Fuera Espana

“Si cela se trouve, les Espagnols auraient aimé aujourd’hui réoccuper tout le nord du Maroc, voire le pays tout entier“. C’est en ces termes qu’un ministre marocain, qui a requis l’anonymat, nous a commenté l’équipée militaire espagnole sur l’îlot de Persil, mercredi 17 juillet à l’aube. Par cette déclaration, notre interlocuteur voulait mettre en exergue l’esprit colonialiste de Madrid qui dénie à son voisin du sud jusqu’à sa souveraineté sur ses territoires.
L’épisode conflictuel de Leïla en est la parfaite illustration. N’y a t-il pas quelque provocation à envoyer des sous-marins, des hélicoptères et des porte-avions pour déloger les 6 soldats marocains qui campaient sur l’île depuis le 11 juillet ? Si ce n’est pas un acte de guerre, cela y ressemble beaucoup. En tout cas, la réaction espagnole est disproportionnée. Tant qu’à militariser une affaire qui ne le mérite pas, autant déployer de gros moyens militaires, c’est la méthode choisie par les autorités espagnoles. Objectif: intimider le Maroc. Le tétaniser. Que personne ne bouge. Nous sommes les plus forts.

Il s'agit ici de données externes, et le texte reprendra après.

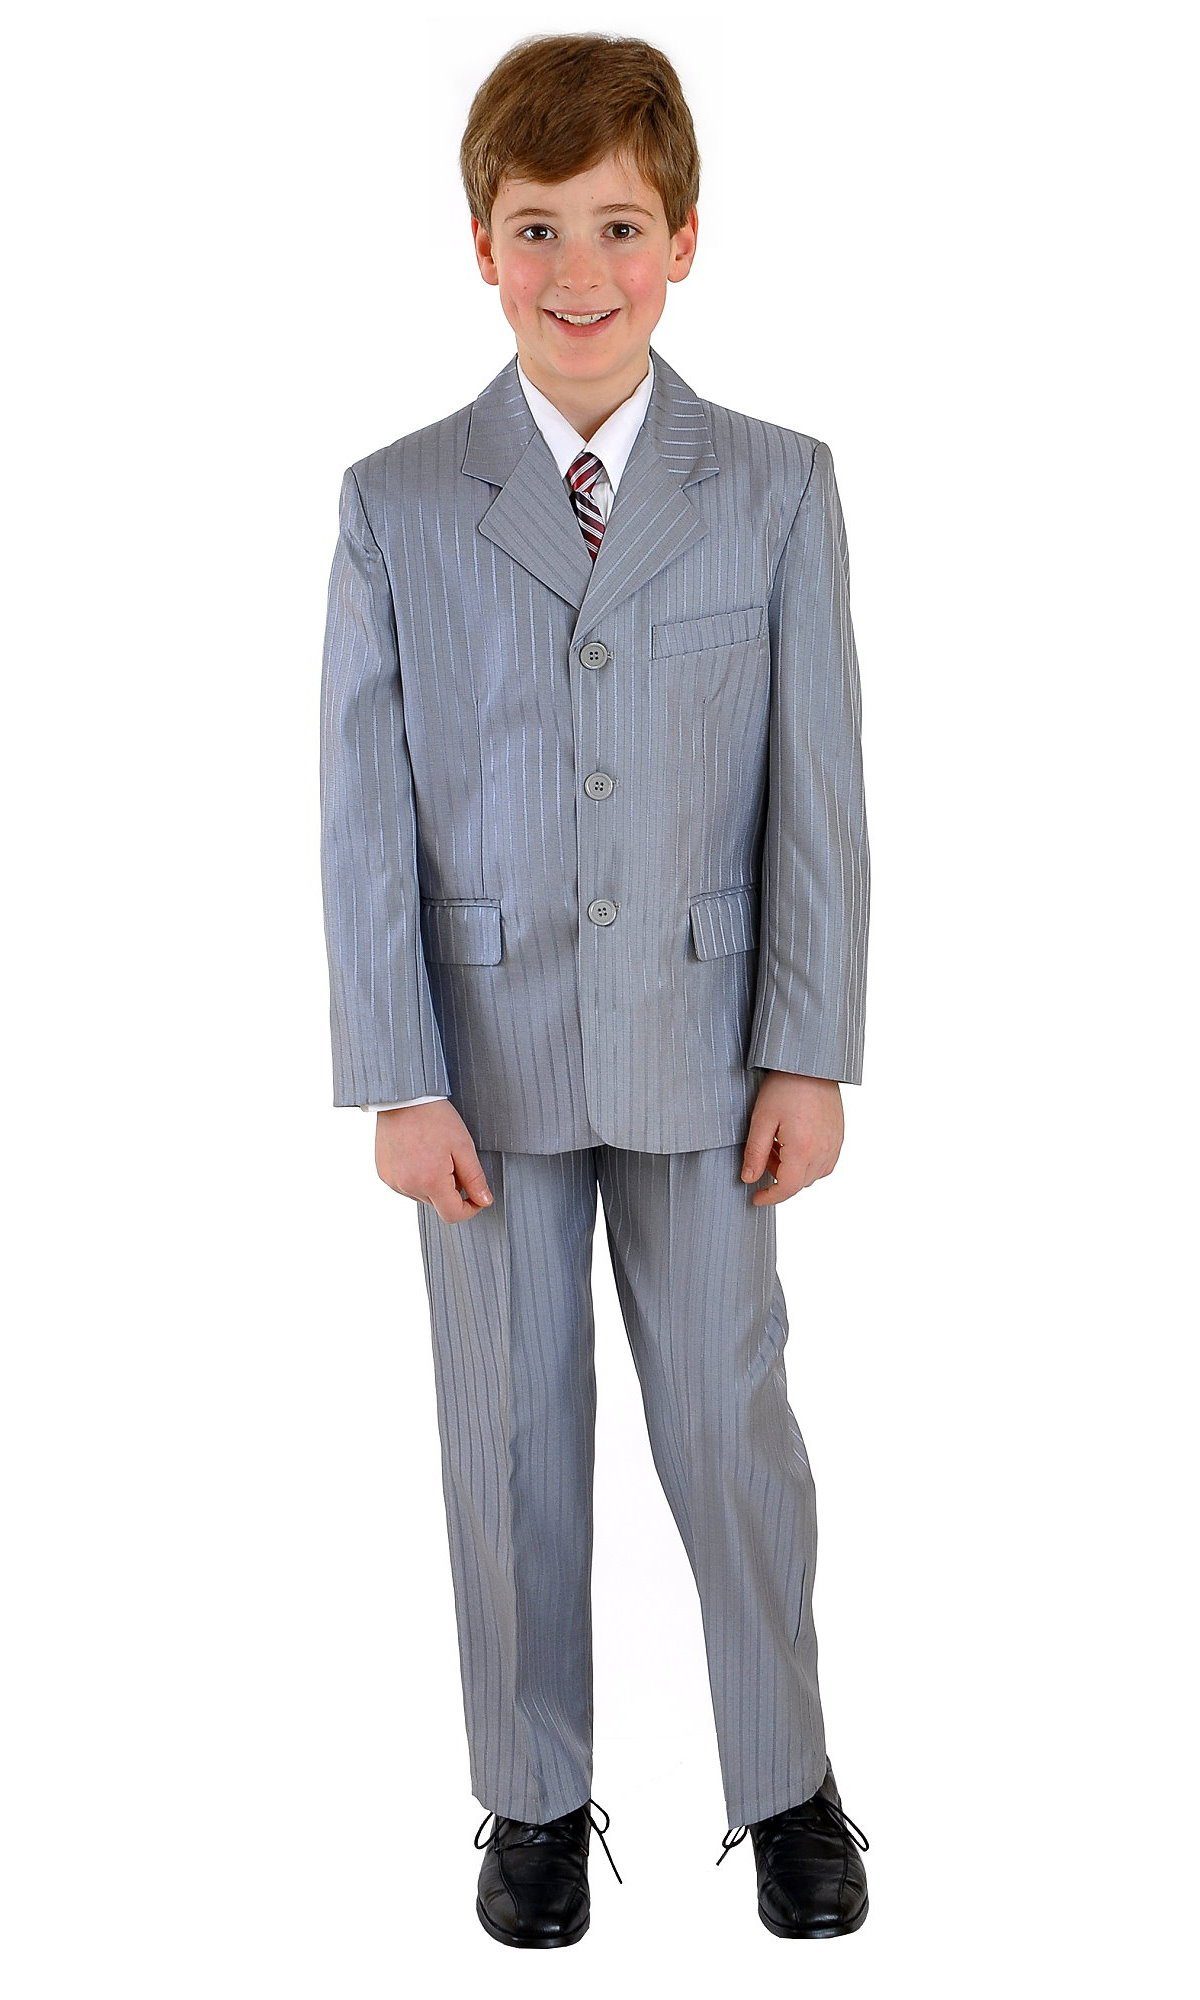 Family Trends Anzug Kombination Set 5 Teilig Sakko Hemd Krawatte Weste  Hose, 5-teilige Anzug-Kombination für Jungen von family-trends

L’Espagne de José Maria Aznar a réussi contre toute logique à mobiliser l’opinion de son pays et la communauté européenne contre son voisin. Là aussi, les objectifs sont inavoués : stigmatiser le Royaume dans une tentative de le faire apparaître comme un agresseur et un violeur des accords de bon voisinage. D’un côté le bon (Madrid) et de l’autre le méchant (Rabat). Il suit de là une stratégie d’instrumentalisation du litige de l’îlot par le gouvernement Aznar qui voulait justifier toute la tension sur les autres dossiers (pêche, émigration clandestine notamment).
Une tension qui est allée crescendo jusqu’à atteindre son point d’orgue avec le rappel par Rabat en octobre dernier de l’ambassadeur du Maroc en Espagne Abdesslam Baraka. Madrid, elle, maintiendra son ambassadeur en poste avec comme consigne de faire le service minimum. Le diplomate ne sera rappelé en consultation dans son pays, qu’à la faveur de l’affaire Leïla, quelques heures avant l’invasion de l’îlot par les forces armées espagnoles. C’est la rupture des relations diplomatiques. Le Maroc et l’Espagne sont quitte.